Image: Holographic assembly of a three-dimensional colloidal quasicrystal. (a) Colloidal particles trapped in a two-dimensional projection of a three-dimensional icosahedral quasicrystalline lattice. (b) Particles displaced into the fully three-dimensional configuration. The shaded region identifies one embedded icosahedron. (c) Reducing the lattice constant creates a compact three-dimensional quasicrystal. (d) Optical diffraction pattern showing ten-fold symmetric peaks. The three-dimensional assembly process is shown in the associated movie.
Metallic quasicrystals created from exotic alloys have shown promise for storing hydrogen more efficiently than crystalline hosts. Their non-repeating structure has the potential to dramatically strengthen industrial and commercial products. The NYU quasicrystals, by contrast, are made of glass and plastic and have potentially revolutionary optical properties.
The research, authored by NYU physicists David Grier and Yael Roichman, appears in the July 11 issue of Optics Express, a journal of the Optical Society of America.
Quasicrystals, discovered in the mid-1980s, are different from crystals, whose periodic structures resemble the patterns of tiles on a bathroom floor. By contrast, quasicrystals do not have this property, called translational symmetry, but, like crystals, can be rotated into registry with themselves, a property called rotational symmetry.
Quasicrystals’ rotational symmetry gives them many of the properties of conventional crystals. These same symmetries are responsible for conventional semiconducting crystals’ ability to act as switches for electrons. However, because quasicrystals do not possess the translational symmetry of conventional crystals, they have the freedom to take a broader range of forms, opening up the potential to serve a range of functions.
The quasicrystals reported by Roichman and Grier are created from tiny glass spheres, each comparable in size to the wavelength of light, stacked precisely in mathematically defined configurations. Like the crystalline structures responsible for the irridescence of gem opals and the colors of butterfly wings, these quasicrystalline sphere packings diffract different wavelengths of light into different directions, creating a rainbow-like display. For particular structures, and particular wavelengths, however, the quasicrystals offer no path at all for light. The resulting gaps in the rainbow, known as photonic bandgaps, can be manipulated to create switches for light. For instance, when translated into structures with features comparable to the wavelength of light, these properties of quasicrystals should enable them to manipulate light in much the same way that semiconductors manipulate electrons.

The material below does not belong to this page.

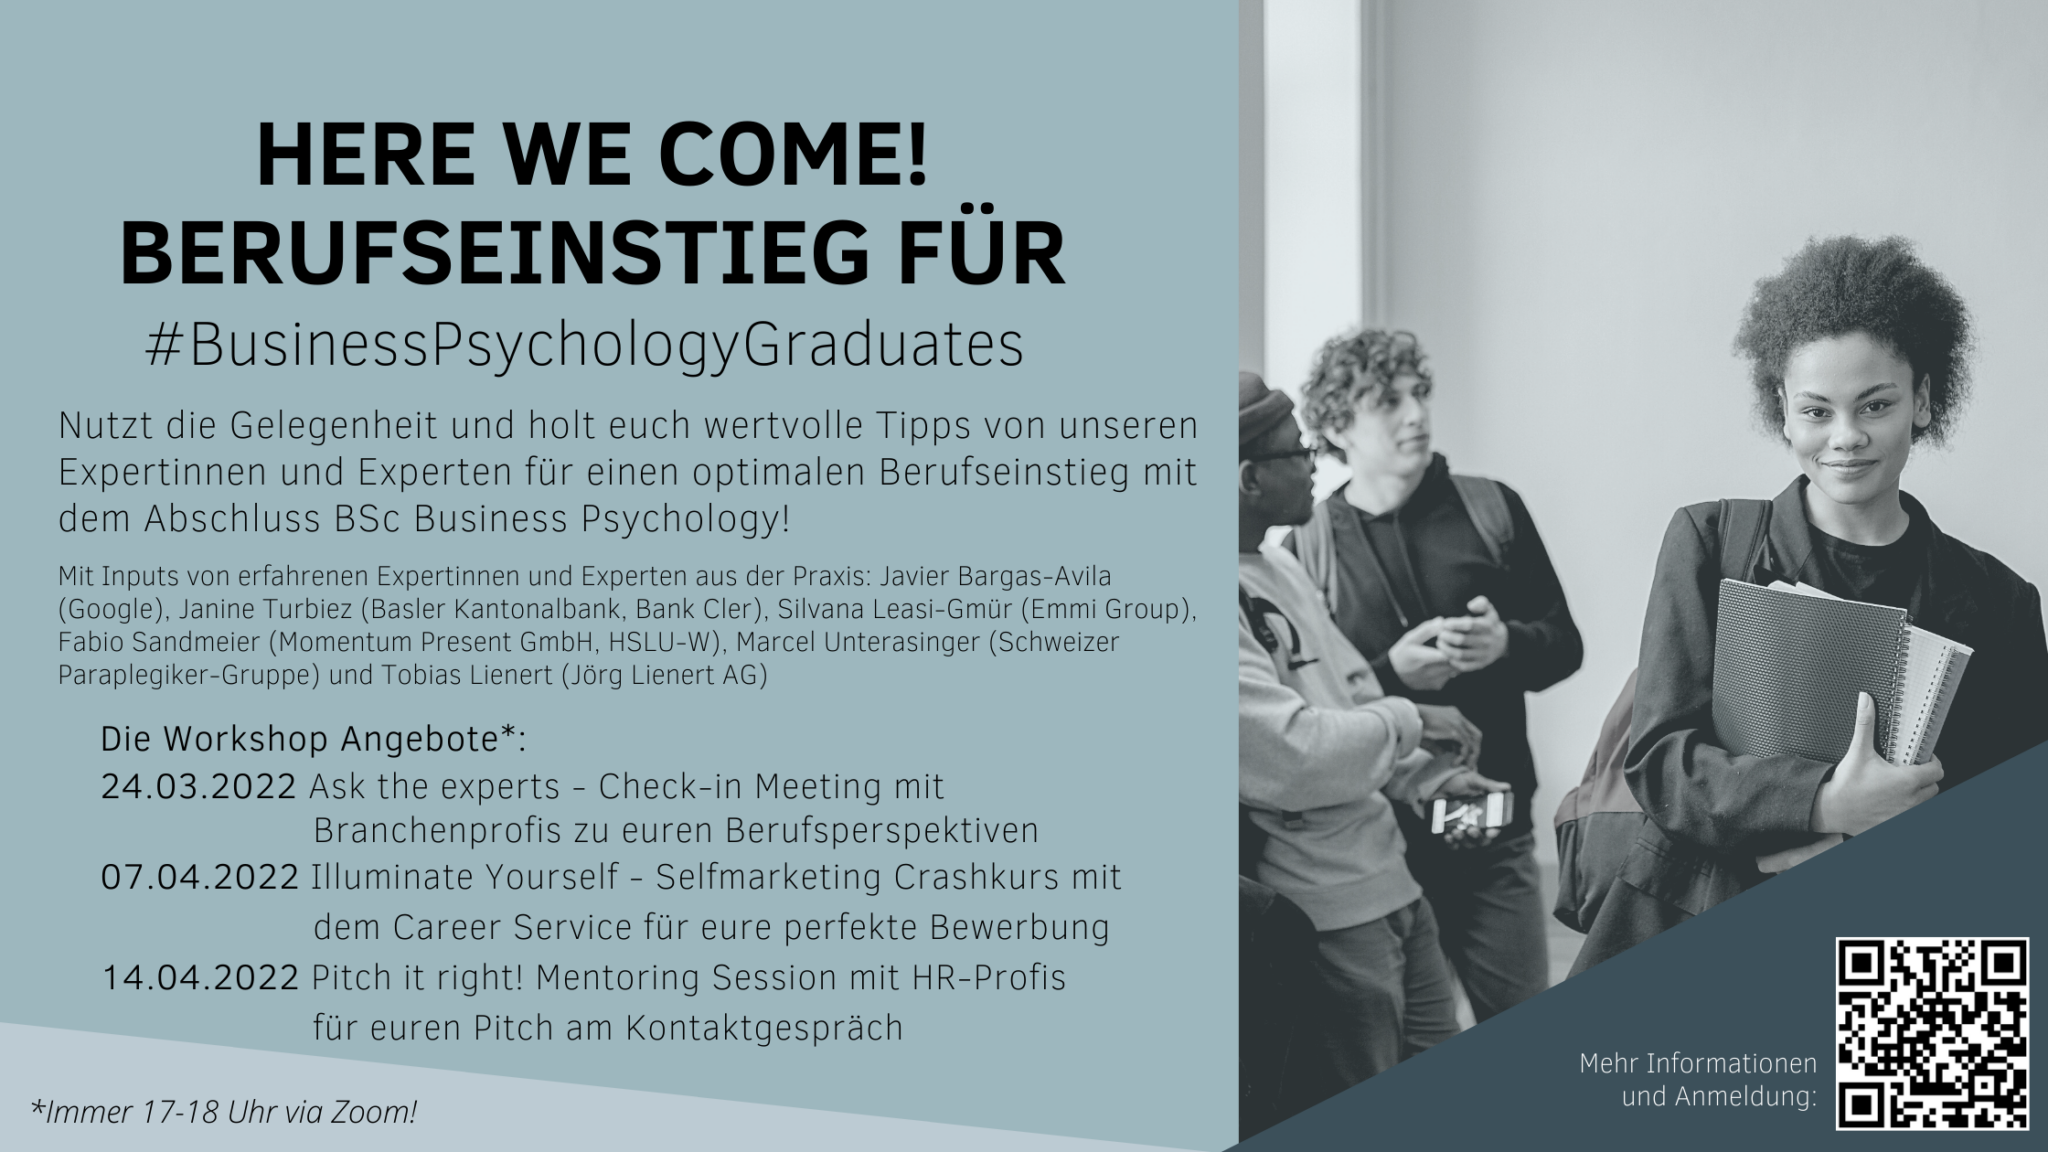 Here we come! Berufseinstieg für #BusinessPsychologyGraduates – Workshopangebote

This has already been achieved for two-dimensional structures by previous researchers. However, prior to the work of Roichman and Grier, scientists had not been able to branch out into three-dimensional quasicrystals—thereby reaping the full benefits of their unique properties—because of the inability to create this class of quasicrystals with the proper materials at the right size scale.
Previous attempts at addressing this challenge included the use of lithographic techniques. In a departure from this approach, Roichman, Grier, and their colleagues used a method developed by Grier’s group called holographic optical trapping. This allows scientists to manipulate objects as small as a few nanometers across and as large as several hundred micrometers. These “optical tweezers” allow scientists to organize microscopic objects into interesting and useful configurations, to dissect them, to assemble them into devices, or to chemically transform them, all with unprecedented precision. Using this method on quasicrystals, Roichman and Grier were able to organize hundreds of free-floating microspheres into densely packed structures defined by the mathematical definition of quasicrystalline order.

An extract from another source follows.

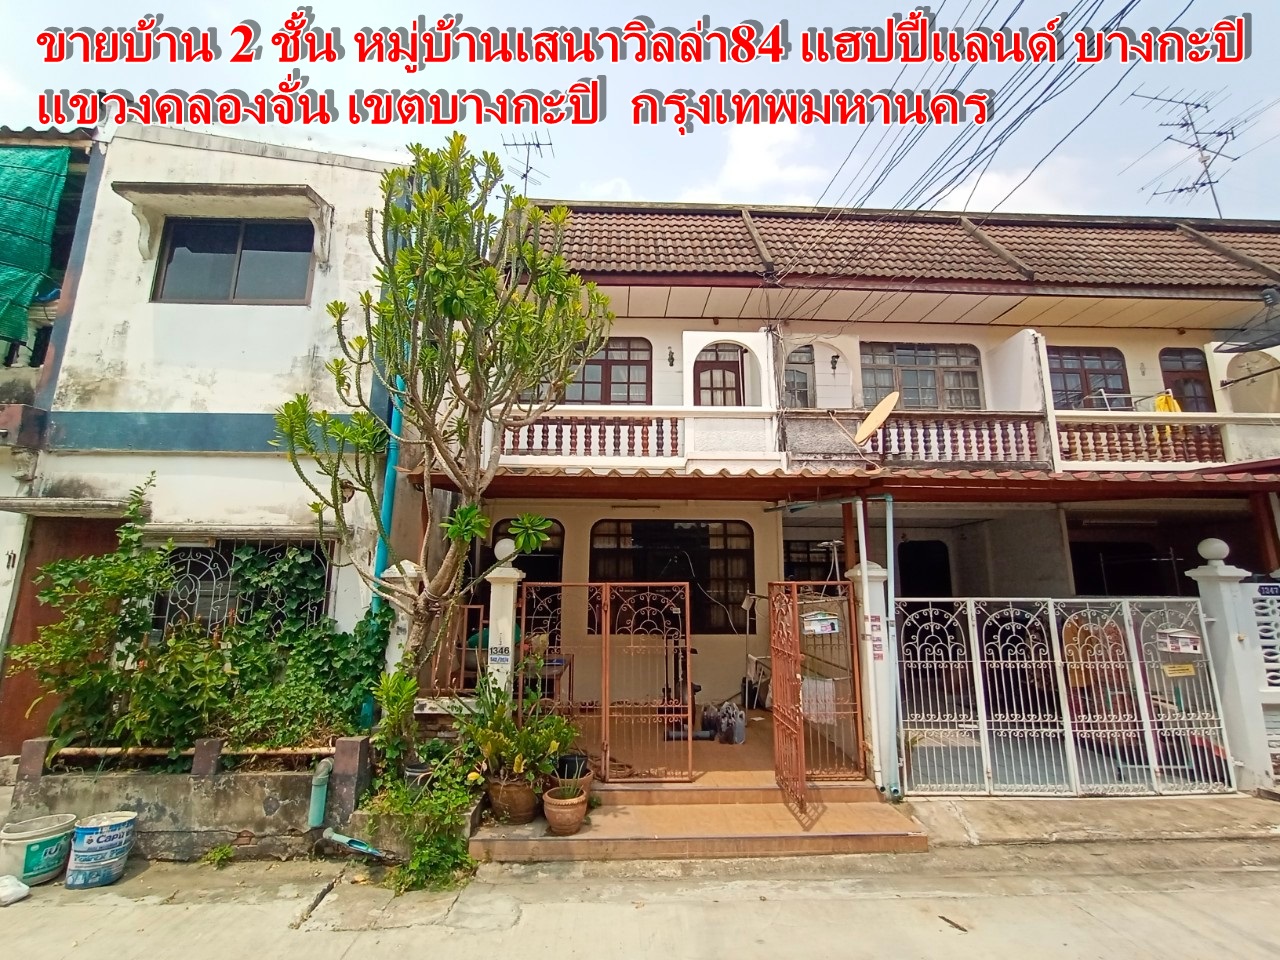 Sena Villa 84 Village, Happyland, Bangkapi 2层独立屋出售

Grier is part of an NYU team of internationally recognized physicists in the field of soft condensed matter physics, a new inter-disciplinary field that explores how materials are organized at microscopic levels, and which studies the physical properties of malleable materials such as colloids and polymers. With Grier, Paul Chaikin, formerly of Princeton University, and David Pine, formerly of the University of California, Santa Barbara, form the core of NYU’s Center for Soft Matter Research. Yael Roichman is a postdoctoral researcher in Grier’s group.